In the material below, the required lines run from the one containing "Delighted, humbled and" through the one containing "USA and Russian". Copy those lines exactly, ends included, and nothing else.

• [DATA EXTRACTS]
....................

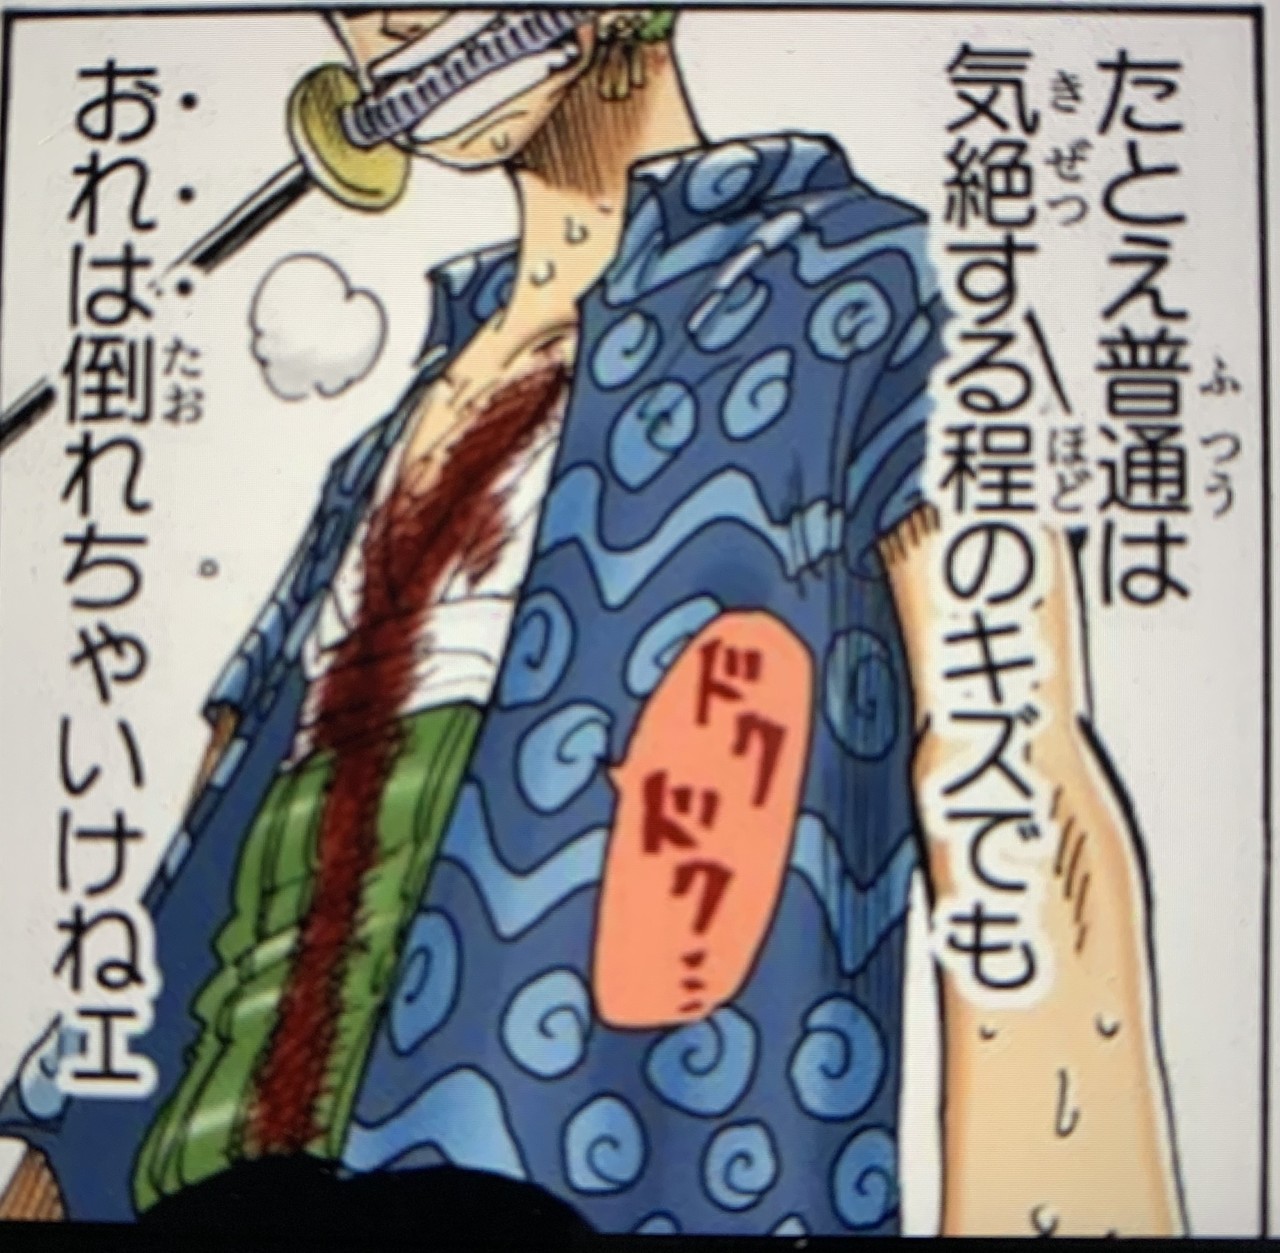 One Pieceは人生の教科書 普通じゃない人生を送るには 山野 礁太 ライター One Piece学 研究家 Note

....................

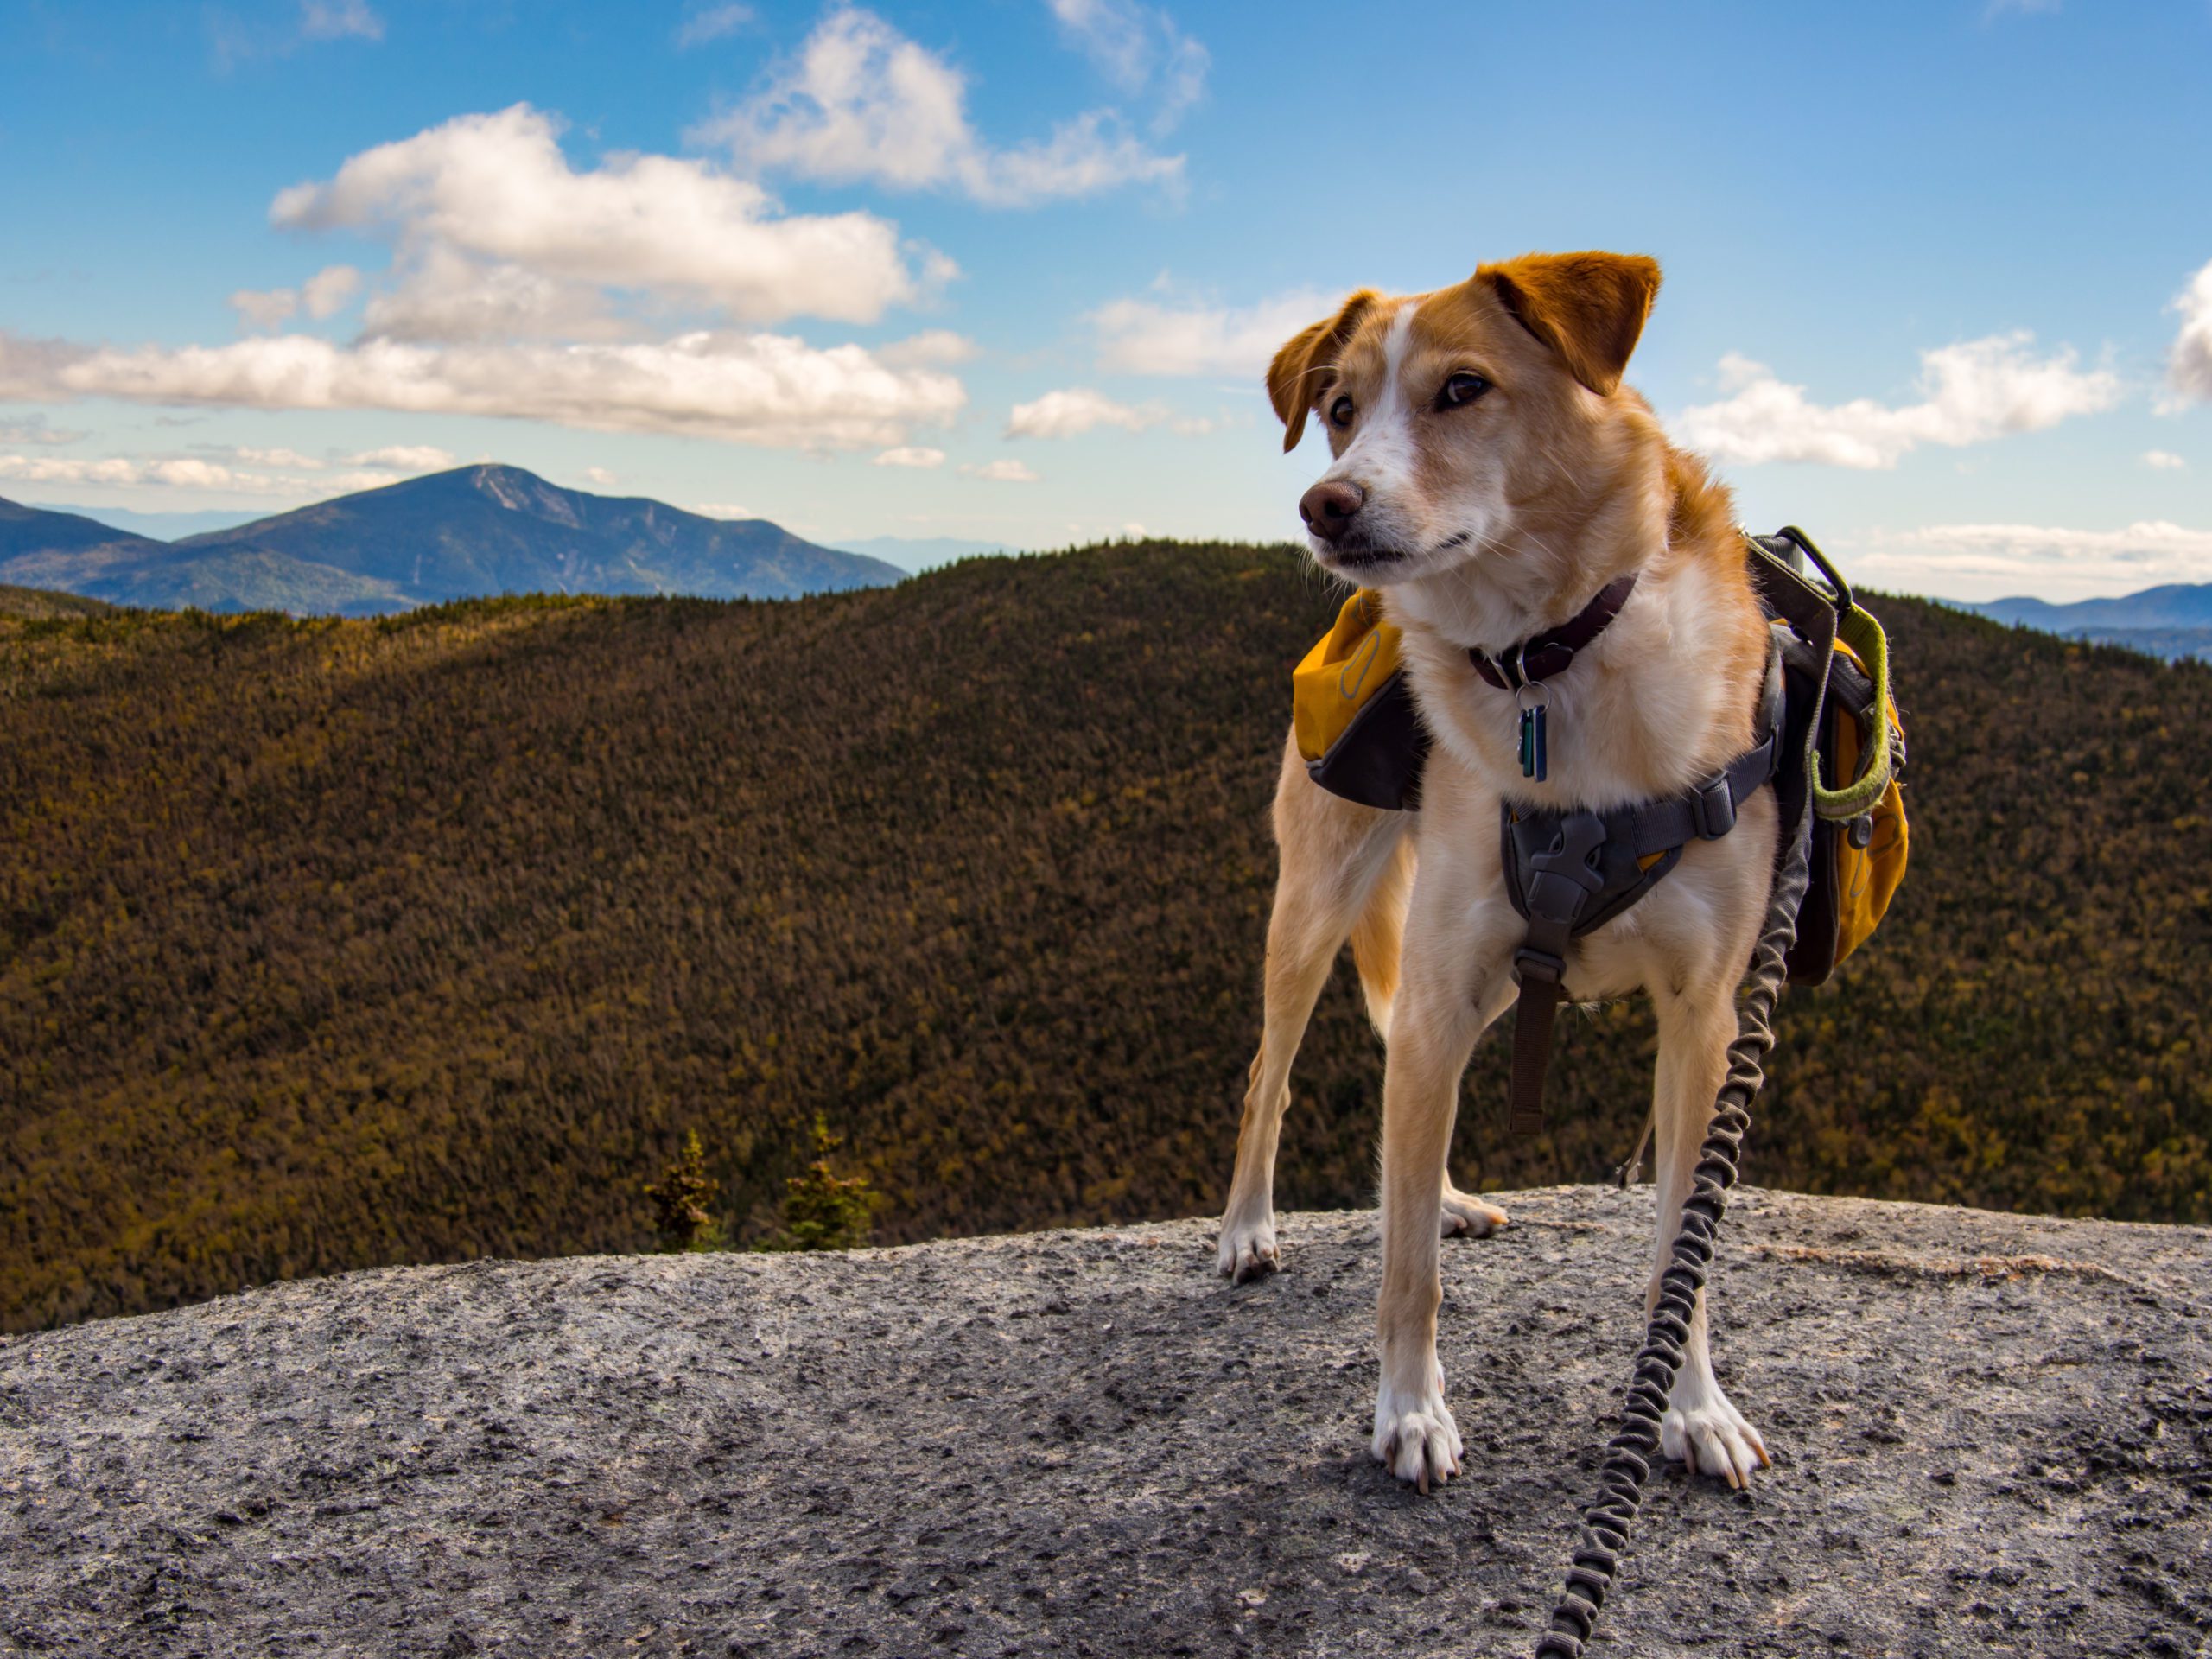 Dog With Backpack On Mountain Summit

....................

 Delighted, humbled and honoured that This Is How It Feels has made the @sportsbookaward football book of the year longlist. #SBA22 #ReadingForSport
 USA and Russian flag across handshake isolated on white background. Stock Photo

....................

• [SOLUTION]
 Delighted, humbled and honoured that This Is How It Feels has made the @sportsbookaward football book of the year longlist. #SBA22 #ReadingForSport
 USA and Russian flag across handshake isolated on white background. Stock Photo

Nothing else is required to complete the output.